Китти изживает чувства к Таундсену, муж в экстремальных условиях открывается ей с новой стороны. Но она так и не может понять, почему он не может ее простить. «Ее подмывало воззвать к его чувству юмора. После всего, что они пережили, среди всех этих ужасов и невзгод, идиотством казалось придавать значение такой ерунде, как блуд. Когда смерть подстерегает за каждым углом и уносит свои жертвы, как крестьянин — картошку с поля, не все ли равно, хорошо или плохо тот или иной человек распоряжается своим телом. Если б он только мог понять, как мало значит для нее теперь Чарли — даже лицо его вспоминается уже с трудом, — как безвозвратно эта любовь ушла из ее сердца! У нее не осталось к Таундесену ни капли чувства, и потому обессмысливалось все, в чем они были повинны. Сердце ее снова свободно, а что тут было замешано тело — да наплевать на это!»[10] И даже узнав, что беременна, она не может понять, почему Уолтеру так важно то, что она не может определенно сказать ему, его это ребенок или Чарли. Китти думает: «Чудаки эти мужчины, что придают такое значение верности жен. <…> Их роль в этом так ничтожна. Это женщина долгие месяцы носит ребенка, женщина в муках рождает его, а мужчина сбоку припека, туда же, со своими претензиями. Почему это должно влиять на его отношение к ребенку?»[11]

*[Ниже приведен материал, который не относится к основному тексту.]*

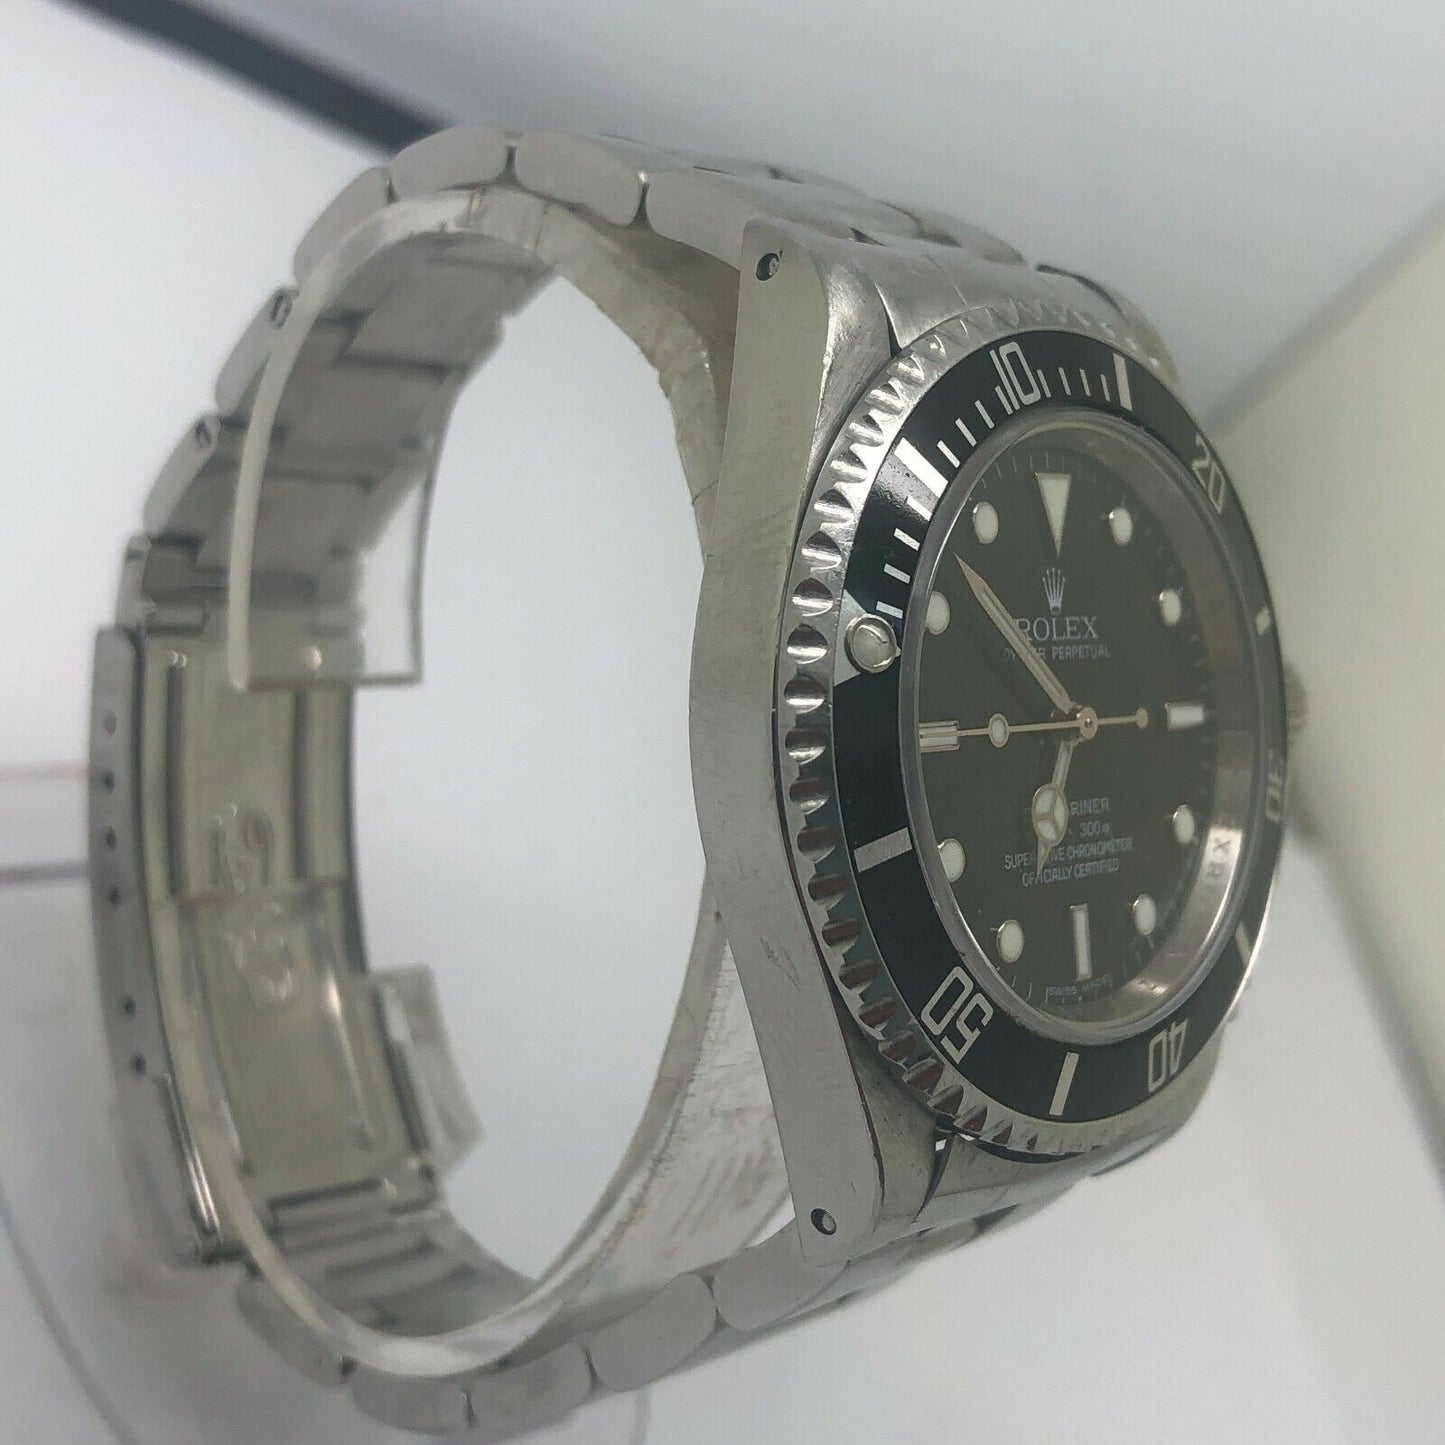 Rolex Submariner Men's Black Watch - 14060M

Но если некоторые вещи женщина так и не смогла понять, то в целом месяцы, проведенные ею в вымирающей от холеры местности — время вызревания ее души.
Для понимания того, как менялась Китти важен опыт ее общения с настоятельницей католического монастыря. Монахиня рассказывала ей: «После причастия я помолилась Иисусу о ниспослании мне душевного покоя и явственно услышала в ответ: “Ты тогда обретешь его, когда перестанешь его желать”»[12].
« —Великое это несчастье — иметь сердце, — улыбнулась Китти.
— Зато великое счастье — посвятить это сердце любви к Спасителю.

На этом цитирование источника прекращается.